India has the largest higher education system in the world with over 45,000 undergraduate degree and diploma institutions and about 30 million students enrolled in them. Yet, we still lack internationally-acclaimed universities, and vast numbers of students are “unemployable”. While emphasis is laid on developing the infrastructure, the efficiency of the faculty is by and large neglected.


“The shortage of teachers is a problem that can be dealt with by bringing in innovation in teaching. Typically, with the use of technology, students can be made to go through lessons or lectures before a class. Then the teacher, questions, analyses and make students think critically. The role of a teacher is not to transmit knowledge but to induce students to think. Teachers have to change their mindset from just preparing students for a degree or a syllabus because what students learn becomes obsolete in a few years. The role of a teacher is to stimulate the student’s mind and make them capable of life–long learning,” says Padmashri Dr. M. Anandakrishnan, former Vice-Chancellor of Anna University. According to him, there are a number of new technologies which are extremely effective and can be used by competent teachers and institutions to bring effectiveness in teaching.

Teachers need to have a passion for teaching. Are today’s teachers truly passionate about making a positive difference to the students? Teaching is a conscious choice only for a small percentage of teachers today. According to Kadar Shah, secretary of Dhaanish Engineering College, Chennai, “Teachers need to be trained and certified either by government bodies or by the university. They need to be hired for their attitude and can be trained on skills.”

Life-long learning

Dr. Rajamani, retired professor, principal and director of Management Studies, Nehru Mahavidyalaya College of Arts and Sciences, Coimbatore, says that “Publish or Perish” seems to be the dictum in most foreign universities. Continuous learning has to be mandatory, and teachers have to be involved either in research or publishing papers — as is the system in foreign universities. They have to be exposed to various seminars and symposiums to understand the best practices across institutions.

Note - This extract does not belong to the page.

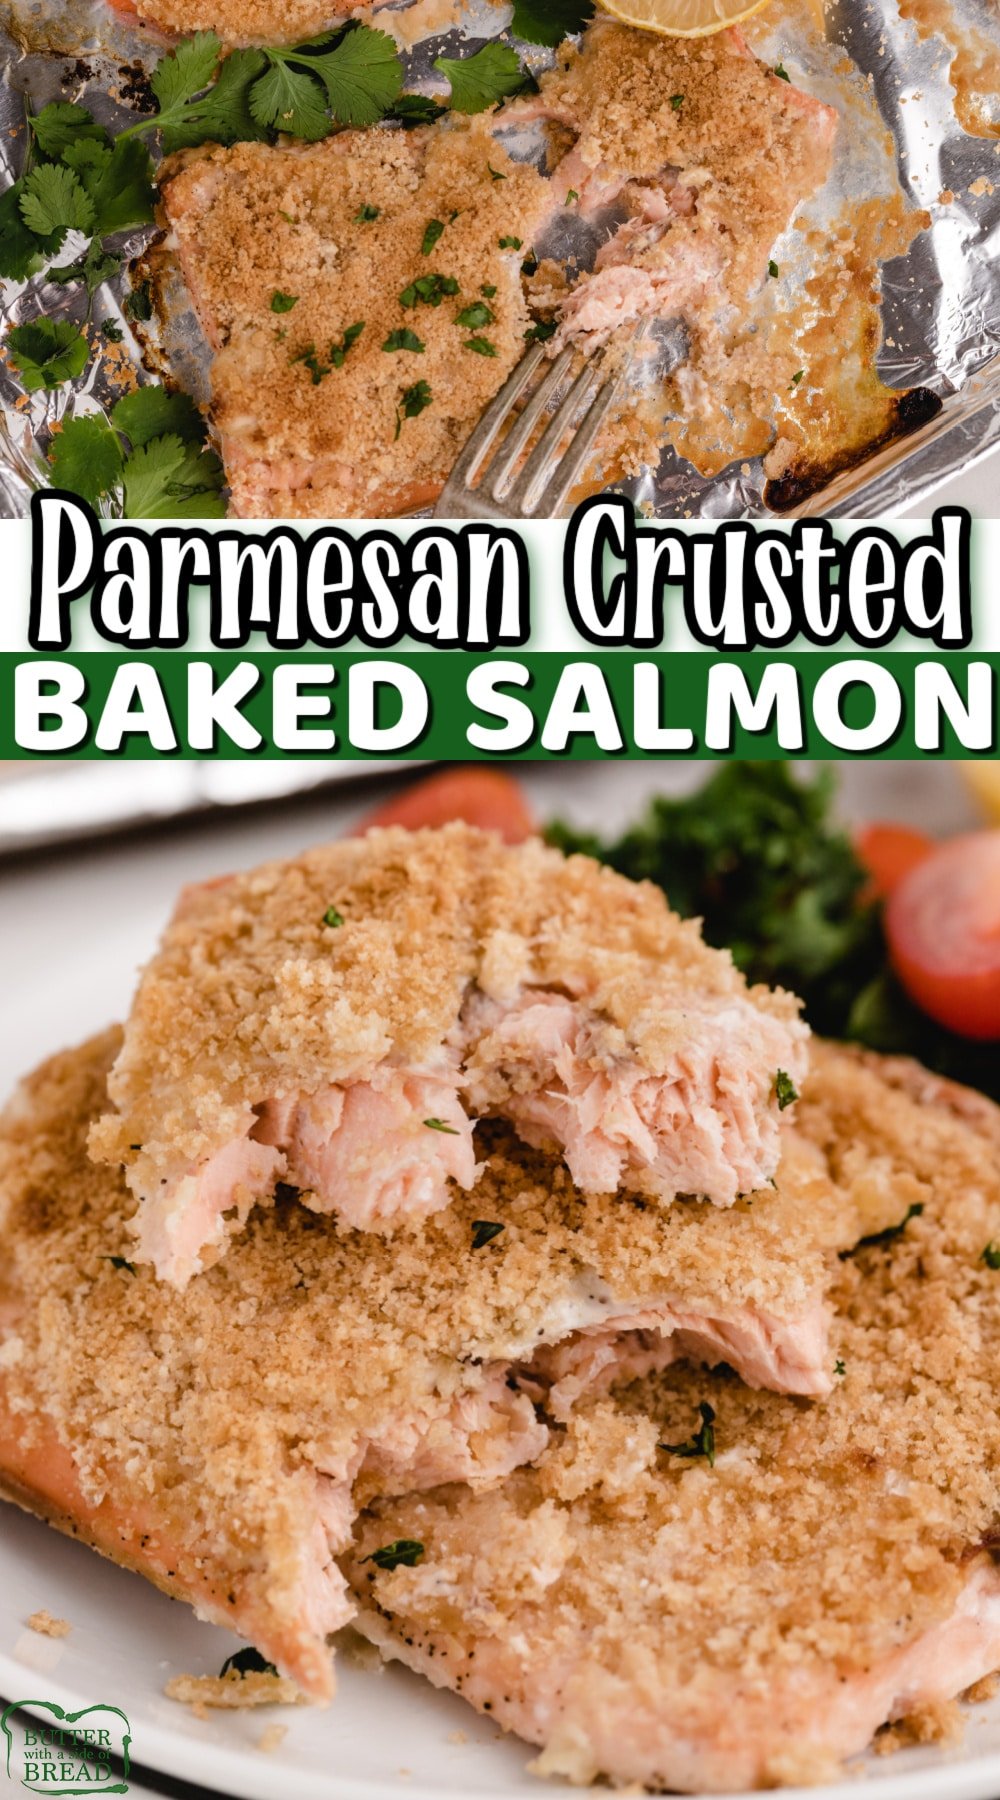 Parmesan Crusted Baked Salmon is moist, flaky, full of flavor and so simple to prepare! Only a few ingredients are needed to make this easy salmon recipe.

Former President Dr. A.P.J. Abdul Kalam once said, “A good teacher prepares himself for teaching with meticulous planning and prepares the student for acquisition of knowledge.”

Notwithstanding the demand-supply issue, what seems to be more concerning is the attitude, capability, motivation levels and leadership qualities of the faculty. Dr. Jayshree Suresh, Dean, Faculty of Management, SRM University, shares her insights. She says, “Demonstrating by example, bringing real-life situations into the classroom, making students analyse, involving them in the classroom and being empathetic are a few traits that a great teacher possesses.”

Corporate houses realise that human resources are extremely critical for the success of a venture. Colleges and universities need to understand that the teaching faculty is the backbone of any teaching institution. In this age of “Unlearn, learn and relearn,” Kadar Shah elaborates the need for a training department in every college, to continuously train and assess the effectiveness of the faculty. Handling students in the age group of 19-24 is an art and a challenge by itself. Universities should have various teaching-learning models in place to ensure that students seamlessly assimilate the lessons.

To quote the former President of India, Dr. Sarvepalli Radhakrishnan, in whose honour we celebrate the Teachers’ Day, “Teachers should be the best minds in the country. Teachers need to be leaders in their own right, capable of proactive thinking, open to changes and challenges, able to inspire, motivate, demonstrate by example and finally with a realisation that they have a huge responsibility of nation-building.”